--- INFORMATION PROVIDED ---
★ ★ ★ ★ ★ ★ ★

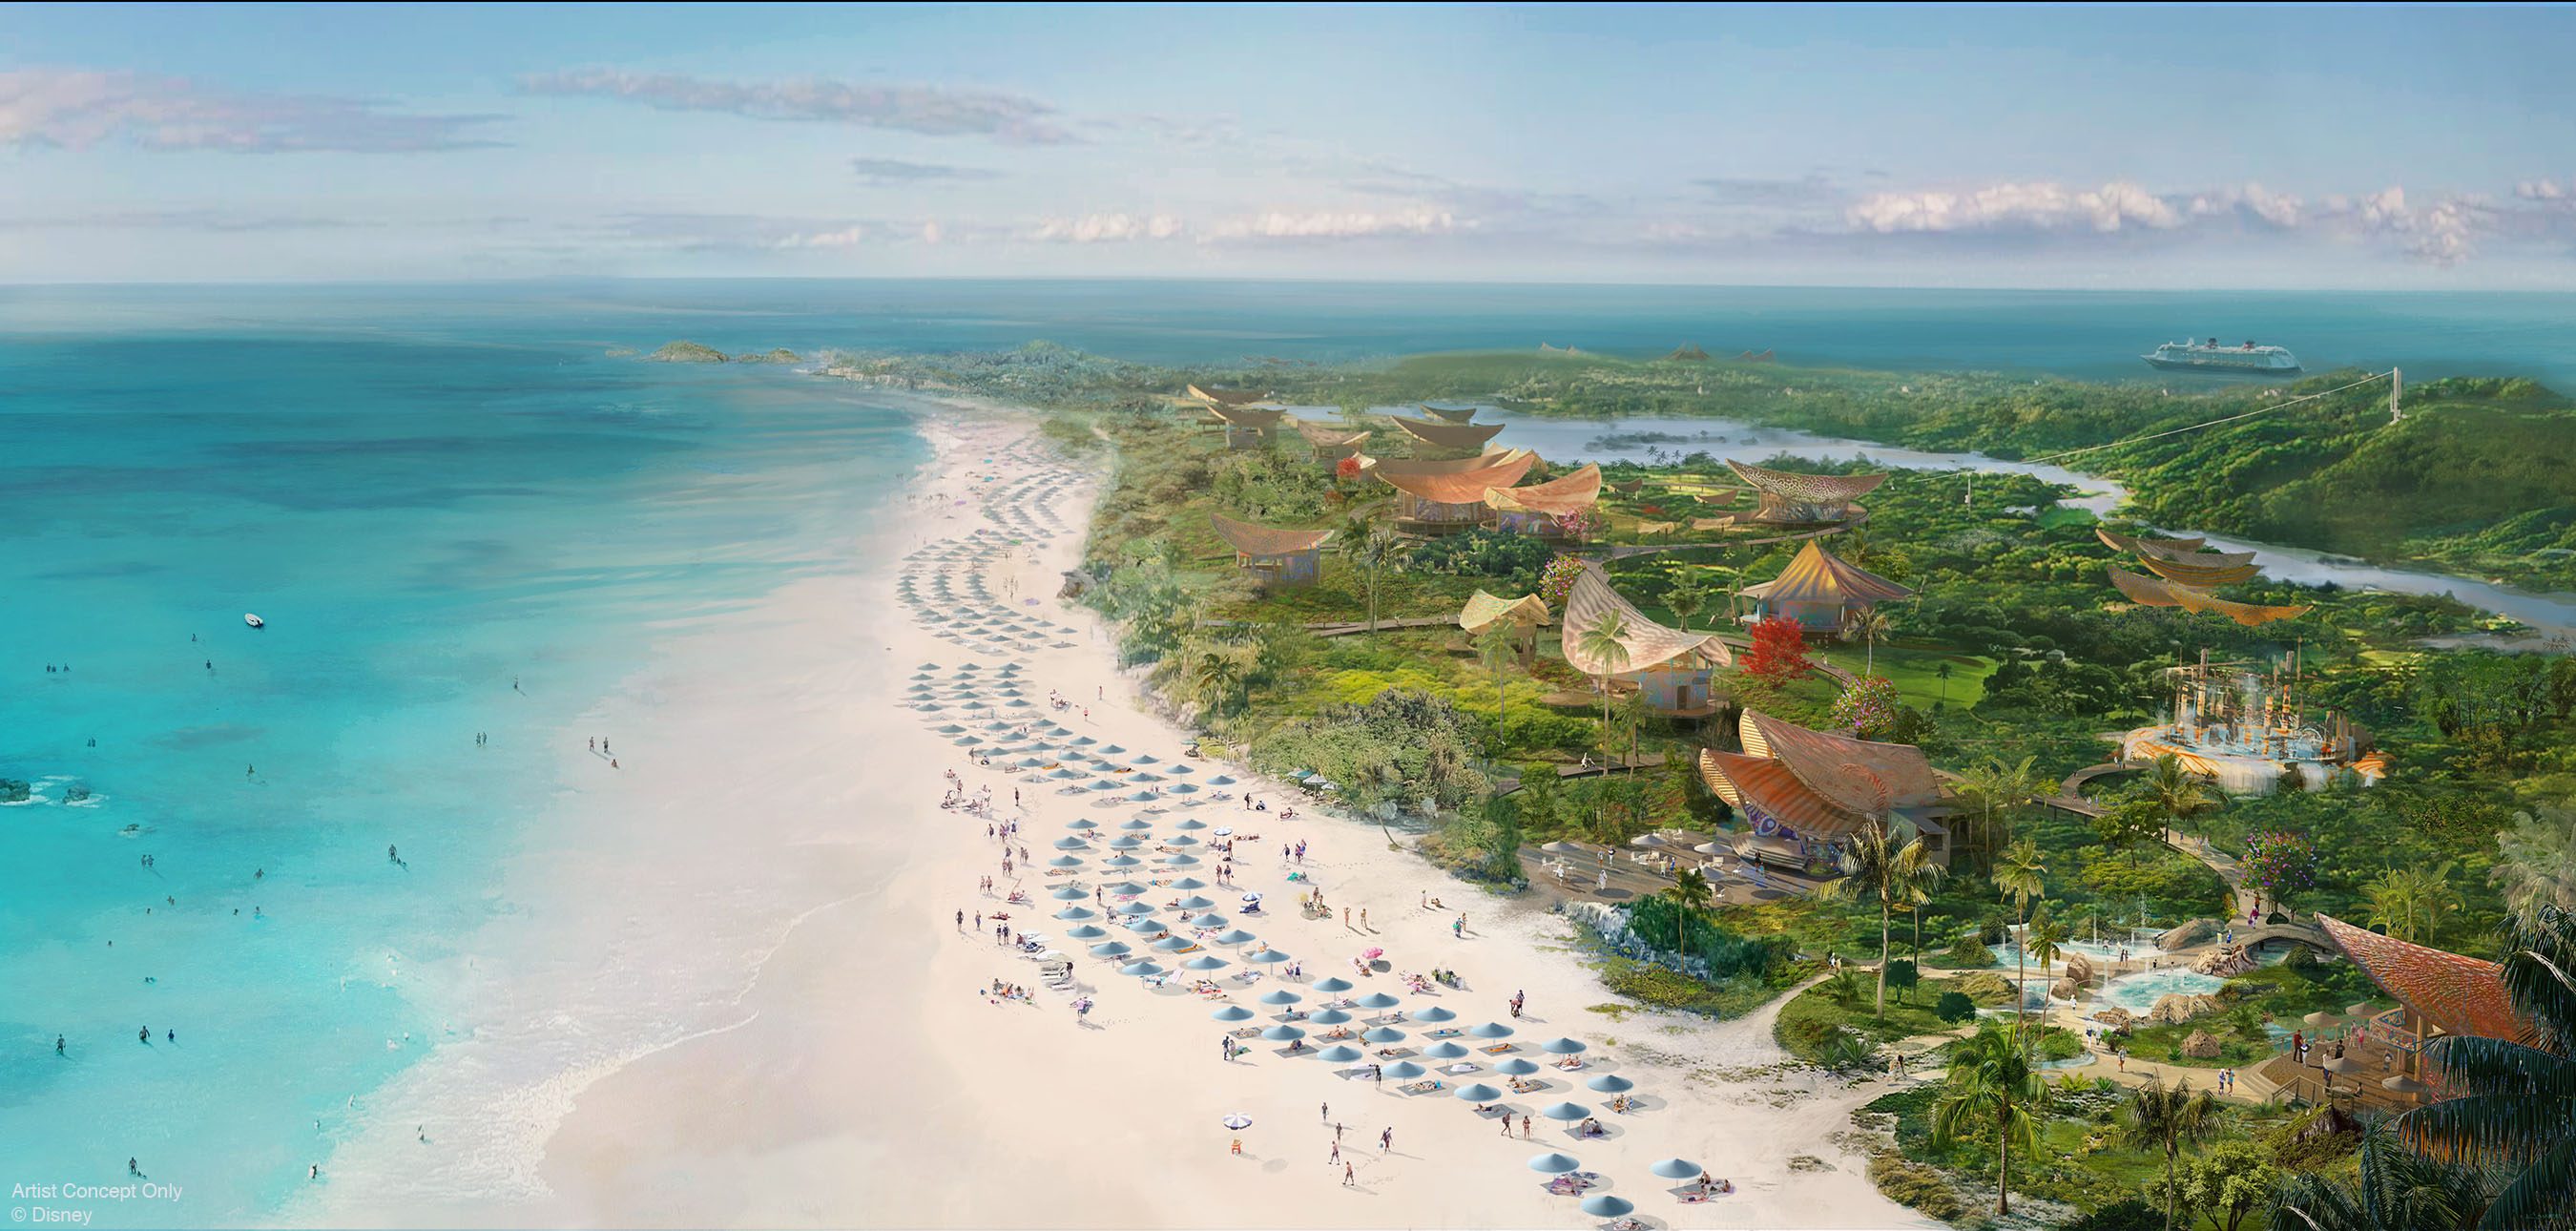 Disney finalmente iniciará construção de novo destino nas Bahamas
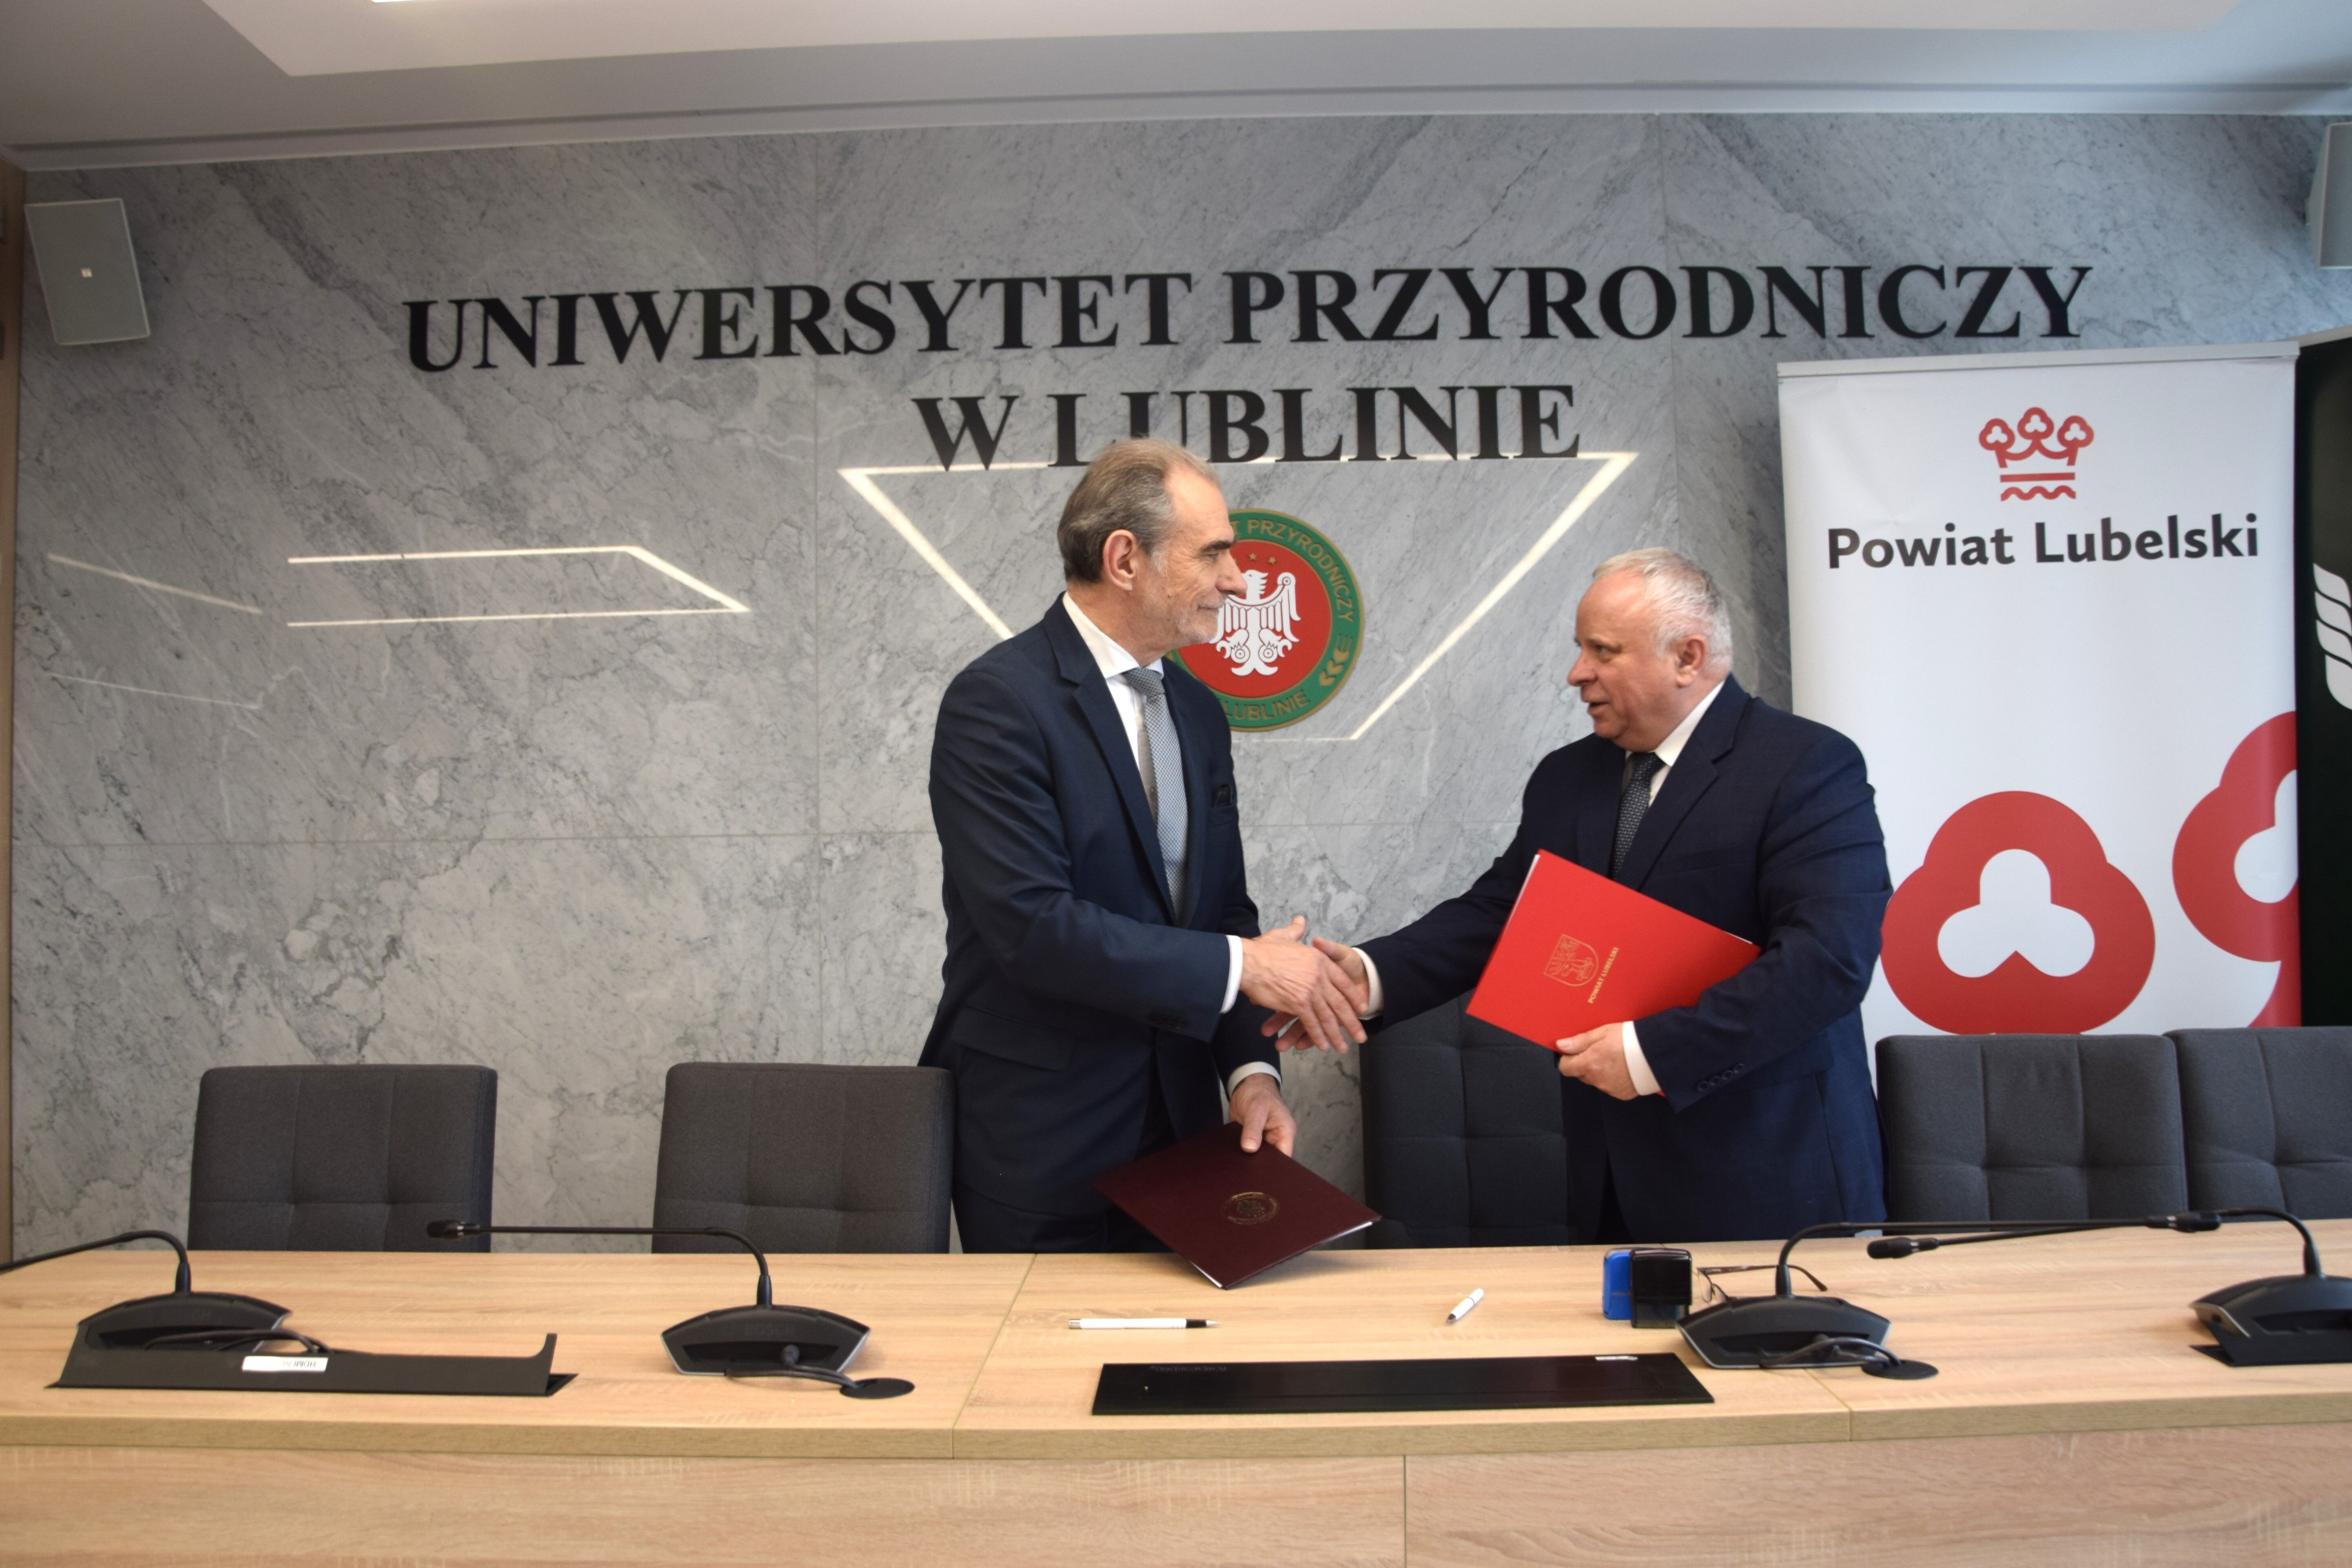 Dwóch mężczyzn w garniturach uściskuje sobie dłonie w sali konferencyjnej, po obu stronach stołu z mikrofonami, za nimi ściana z logo Uniwersytetu Przyrodniczego w Lublinie i Powiatu Lubelskiego.
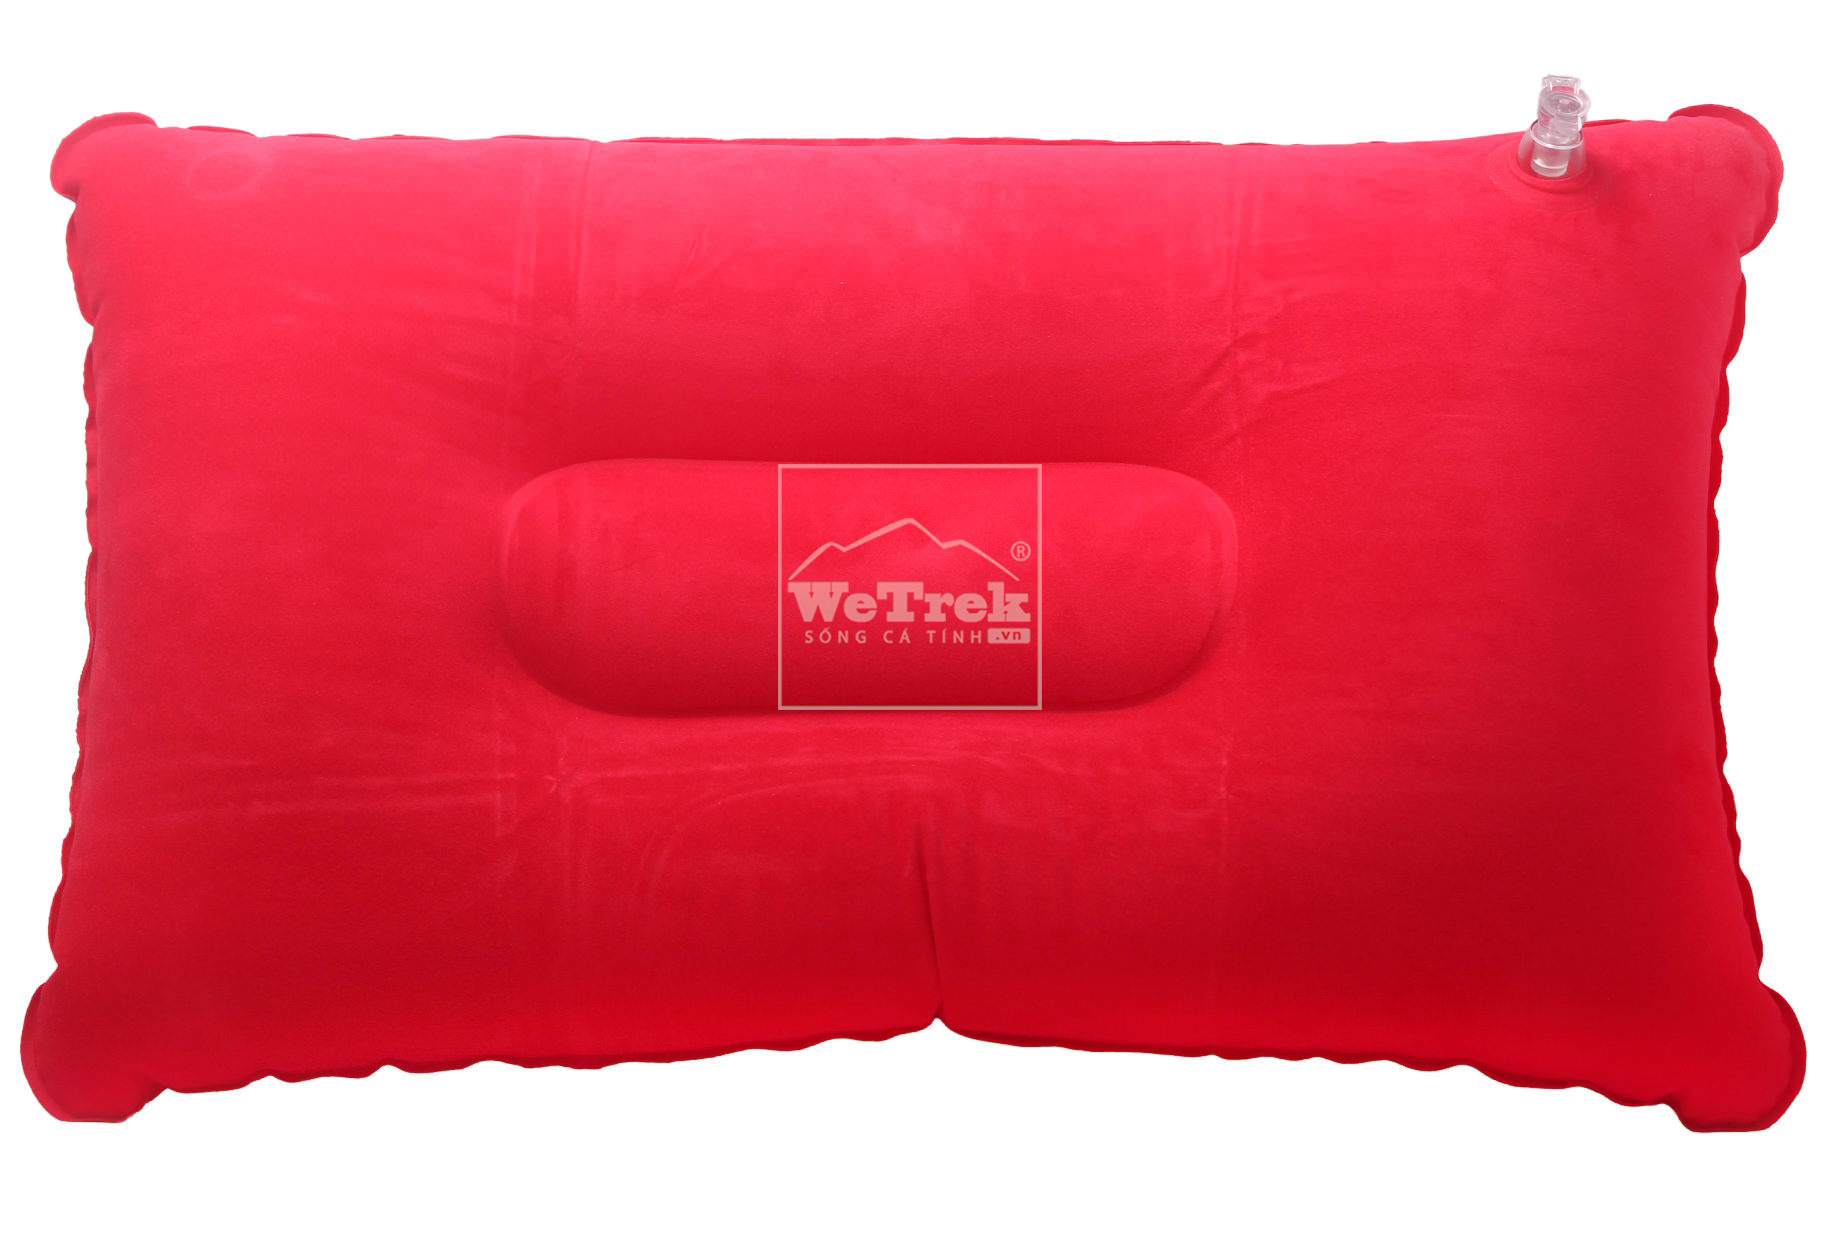 goi-bom-hoi-ryder-inflatable-pillow-h2002-6708-wetrek_vn-1

★ ★ ★ ★ ★ ★ ★

--- EXERCISE DESCRIPTION ---
Only the lines from the top of the material above down to the line bearing "Dwóch mężczyzn w", that line included, should be set down exactly; no pictures.

--- ANSWER BOX ---
 Disney finalmente iniciará construção de novo destino nas Bahamas
 Dwóch mężczyzn w garniturach uściskuje sobie dłonie w sali konferencyjnej, po obu stronach stołu z mikrofonami, za nimi ściana z logo Uniwersytetu Przyrodniczego w Lublinie i Powiatu Lubelskiego.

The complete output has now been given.